Owning more than 40,000 cell towers, 115,000 small cell nodes, and 80,000 route miles of fiber makes Crown Castle International (NYSE: CCI) the biggest pure-play communications REIT in the US The company’s infrastructure is used by major wireless carriers to provide mobile data to customers.

Individuals in the US are becoming more reliant on their smartphones with each passing year. The rise of video streaming and online shopping has caused total US mobile data consumption to explode from 0.4 trillion megabytes (MB) in 2010 to 42.2 trillion MB in 2020. Emerging technologies like virtual reality are only going to send mobile data consumption even higher.

Crown Castle’s assets are mission-critical to its tenants, which explains how the REIT can secure initial contract terms of 10 years. What’s more, these contracts come with built-in annual lease escalators of 1.5% to 3%. This alone isn’t enough to beat current inflation rates. But, thanks to the company’s steady investments and growing demand for its infrastructure, Crown Castle should be able to deliver high-single-digit growth, particularly in regard to annual adjusted funds from operations (AFFO) per share.

The stock provides investors with a safe 3.2% dividend yield. Given Crown Castle’s 7% to 8% annual dividend growth target, the stock is an attractive blend of both current and future income. Even better, investors can pick up shares of Crown Castle at a forward price-to-AFFO-per-share ratio of 23.2 — a sensible valuation given the stock’s quality and bright future.

2. W.P. Carey

WP Carey (NYSE: WPC) owns a portfolio of 1,336 net-lease properties (meaning the tenant pays a monthly base rent check to WP Carey and covers all expenses relating to its leased properties) located throughout the US and Europe. The property types within its portfolio include industrial, warehouse, office, retail, and self-storage.

Besides WP Carey’s diversification, the company’s other key strength lies within its tenant contracts. The company’s weighted average lease term is 10.8 years, which builds in rent revenue stability for the REIT. But the best thing about WP Carey’s contracts has to do with annual lease escalators that are tied to inflation. 99% of leases in the company’s real estate portfolio have contractual rent increases, about 60% of which are linked to inflation and the Consumer Price Index. This helps WP Carey to keep up in high-inflation environments.
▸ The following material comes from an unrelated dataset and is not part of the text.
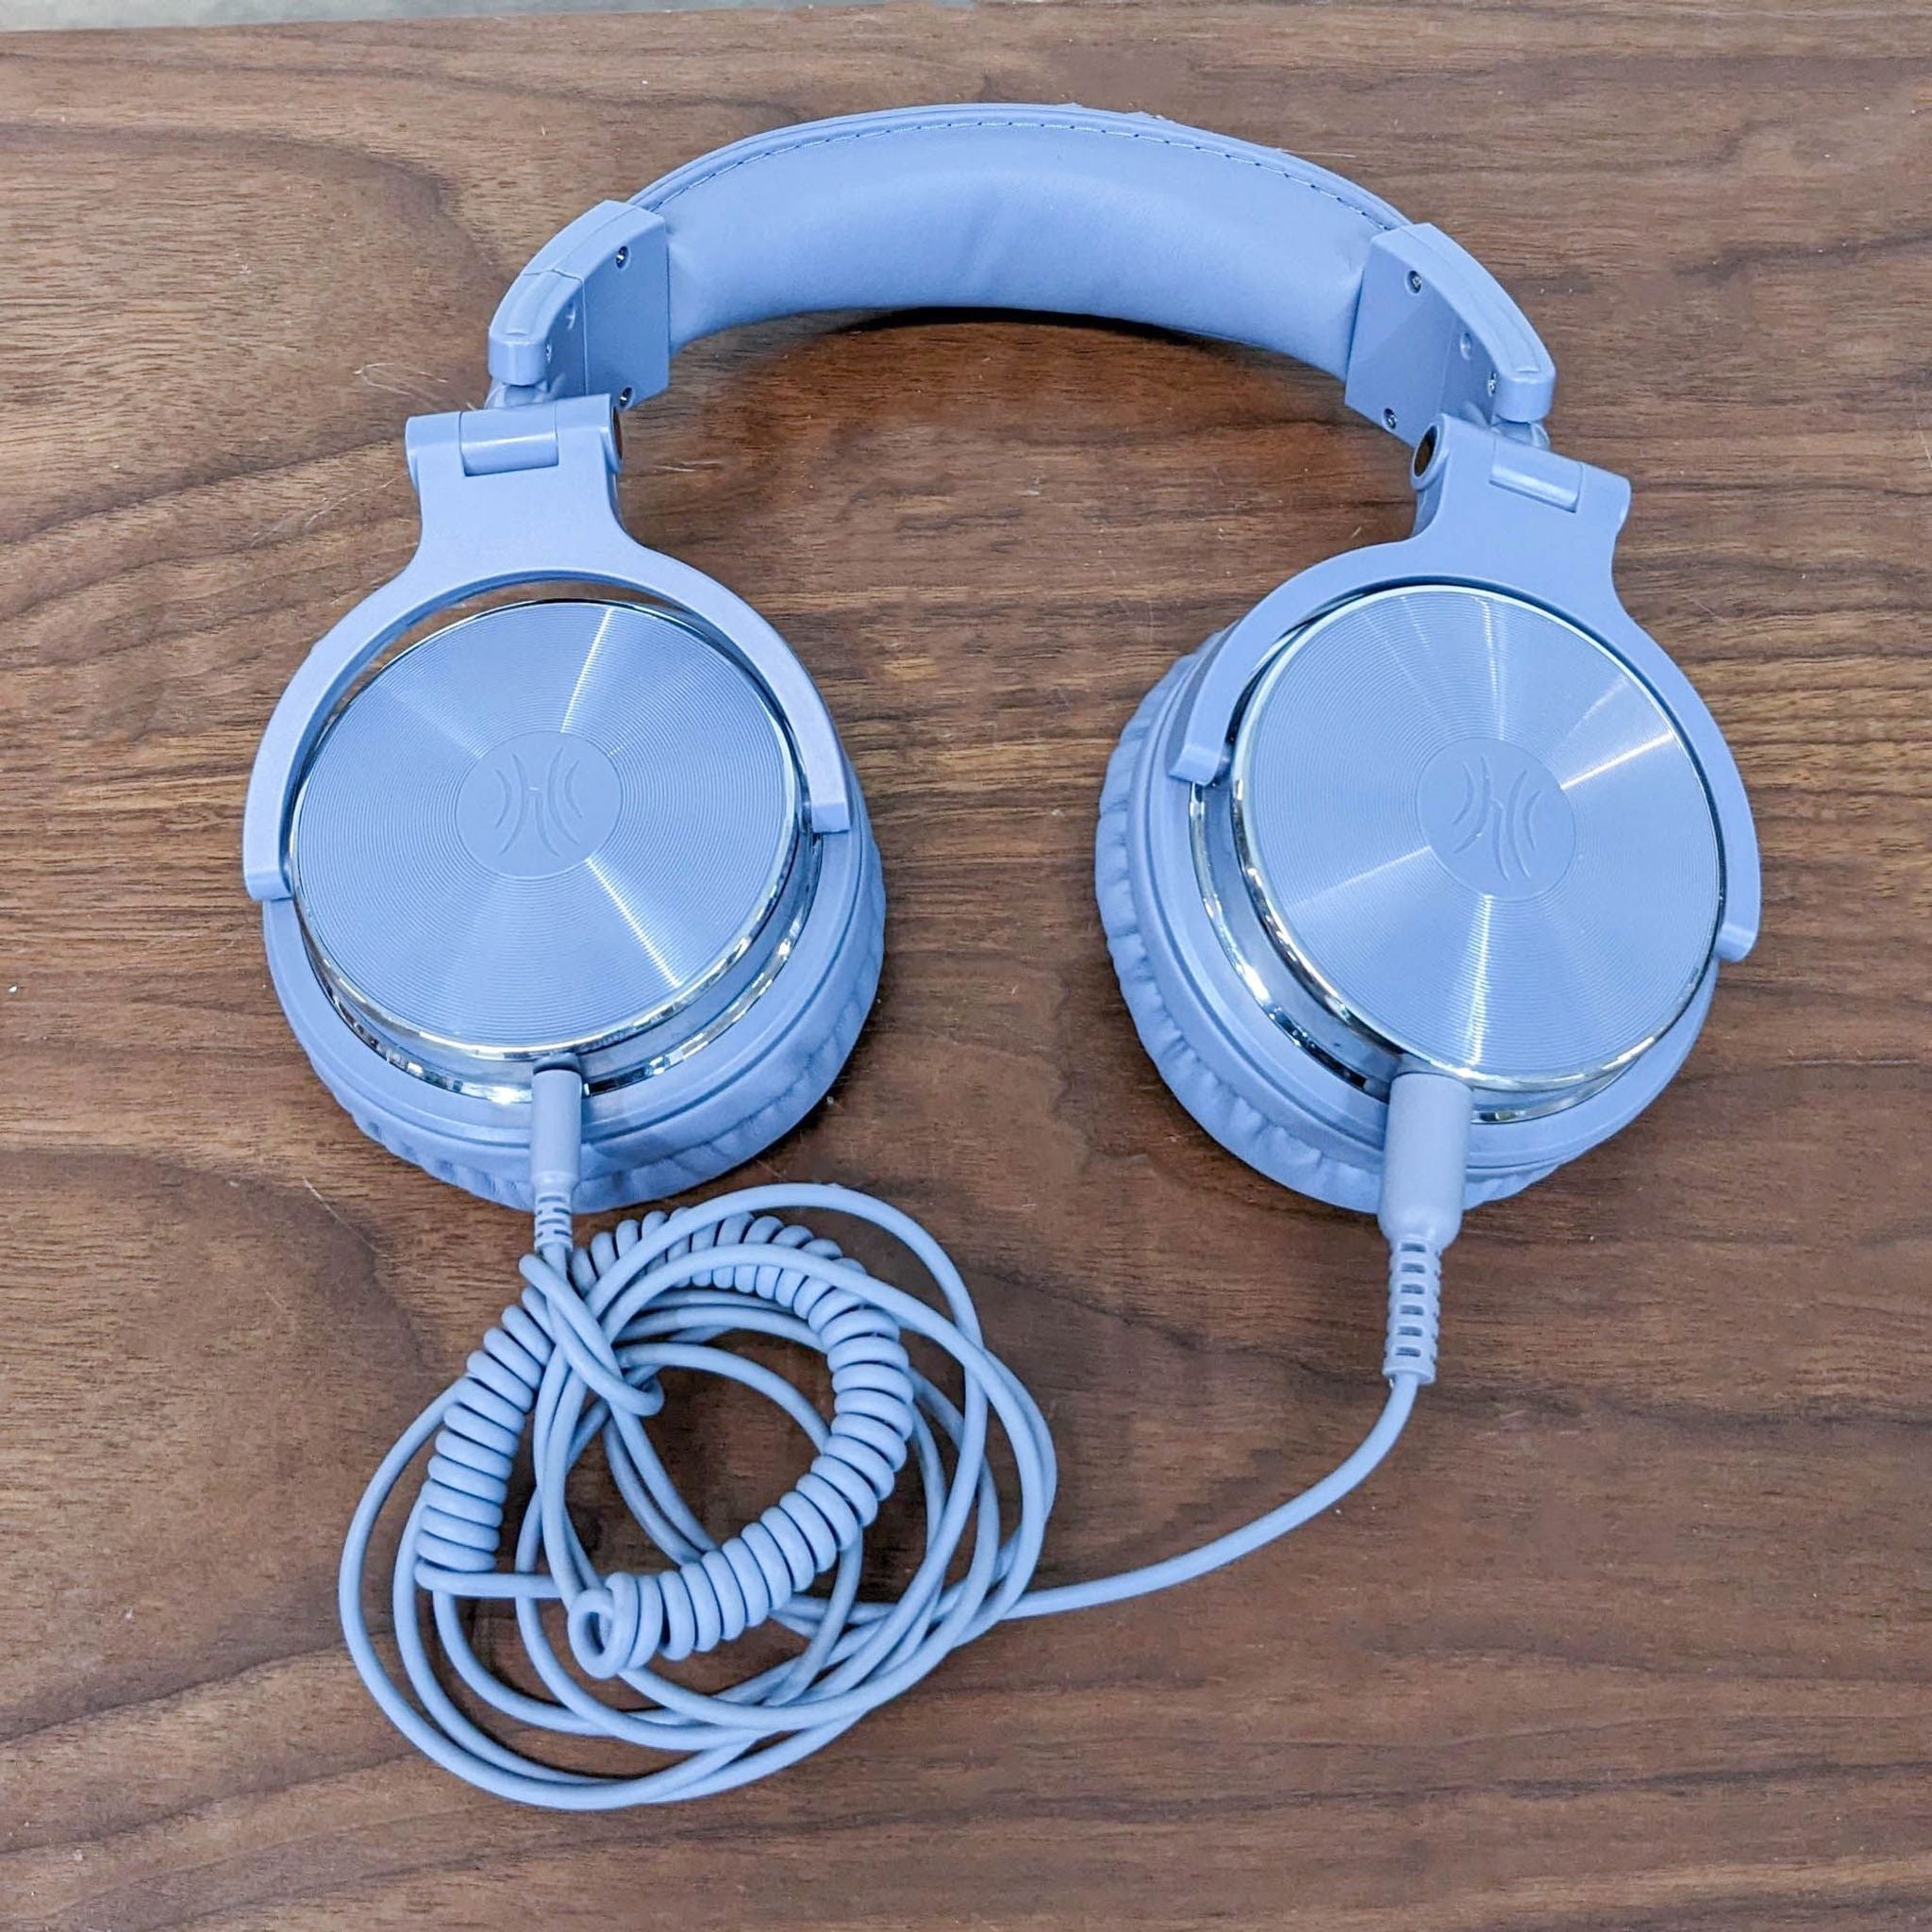 Top view of OneOdio closed-back headphones with L/R indicators inside earpads, coiled cord attached.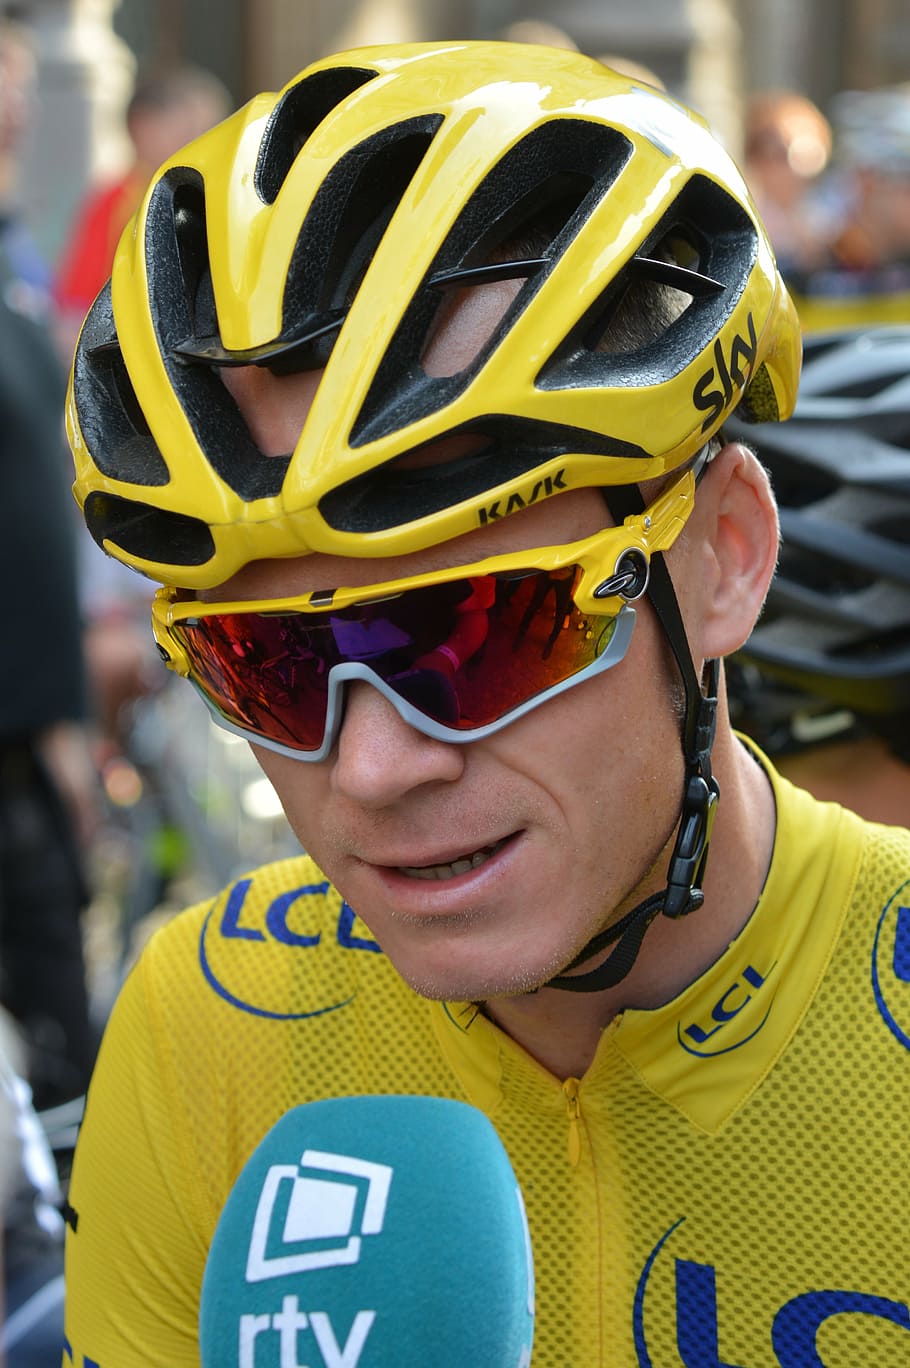 chris froome, champion, yellow jersey, celebrity, cyclist, professional road bicycle racer, man, people, winner, men

The stock has produced double-digit annual total returns over the past decade. And with an addressable market of commercial real estate in the US and Europe worth trillions of dollars, WP Carey should be able to continue generating strong returns moving forward. Best of all, investors can snatch up the stock’s whopping 4.9% dividend yield at a reasonable forward price-to-AFFO-per-share ratio of 16.4.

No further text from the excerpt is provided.